One is to empower communities in mining areas by helping them monitor, record, share and analyze the socioeconomic impacts of mining operations. USIP, in collaboration with Afghan community leaders, developed the project framework and methodology between March and October 2012. The following month, a survey team -- trained and supervised by USIP’s implementing partner, IWA -- completed the baseline survey in the Hajigak mine area. Information from the baseline survey will be used to create a database that can be used by mining stakeholders over time. This will allow communities to track changes connected to mining activities, such as employment and environmental conditions. The idea is to help provide communities with the information they need to solve problems related to the mining sector before difficulties escalate into violence.

The second, and no less important, objective of the USIP-IWA project is to strengthen governance at all levels by creating a forum for meaningful, evidence-based exchanges between mine-affected communities, the Afghan government and the mining companies. The goal is to help all three parties to develop constructive relationships and practical solutions to the challenges that arise from mining.

“It will help the communities to understand where they can work with the government,” said Najib Ziar, a former manager of the project with IWA. Violence tends to occur in communities where extractive firms operate – the company-community nexus is often a flash point for violence. The communities often experience the negative impacts of mining in the form of pollution, displacement of villagers, and other changes caused by an influx of foreign contractors required to conduct the mining and other personnel brought in to protect or otherwise operate the mines.

But many experts believe that it won’t take a lot for the villagers around the mines to feel as if they are sharing enough of the wealth.
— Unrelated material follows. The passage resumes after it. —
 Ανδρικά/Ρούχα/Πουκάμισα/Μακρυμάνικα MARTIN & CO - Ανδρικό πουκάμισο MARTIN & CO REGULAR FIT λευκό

Many villagers near the mines have little personal wealth as it is. If they are given a fair deal, then it is less likely they will incite violence or otherwise cause problems for the mining firms. In turn, mining firms can reap positive returns on their investment faster.

“If enough people will benefit, then I think you won’t see a lot of people complaining about [mining],” said Renard Sexton, who conducted research in Kabul on Afghanistan’s natural resources and conflict for IWA. “However, if these communities do not see themselves as proportionately benefitting from mining or if their grievances are not met when expressed peacefully, this can motivate locals to interfere with mining operations or worse, to use violence.”

The Hajigak iron ore mine area in Bamyan Province is the first pilot site for the USIP-IWA project, with potential for this model to be applied at a larger scale across Afghanistan or in other conflict-affected countries.

Rebecca Kullman is a program specialist with USIP's Center for Sustainable Economies. Gordon Lubold is a national security reporter for Foreign Policy. He was formerly a senior writer at USIP.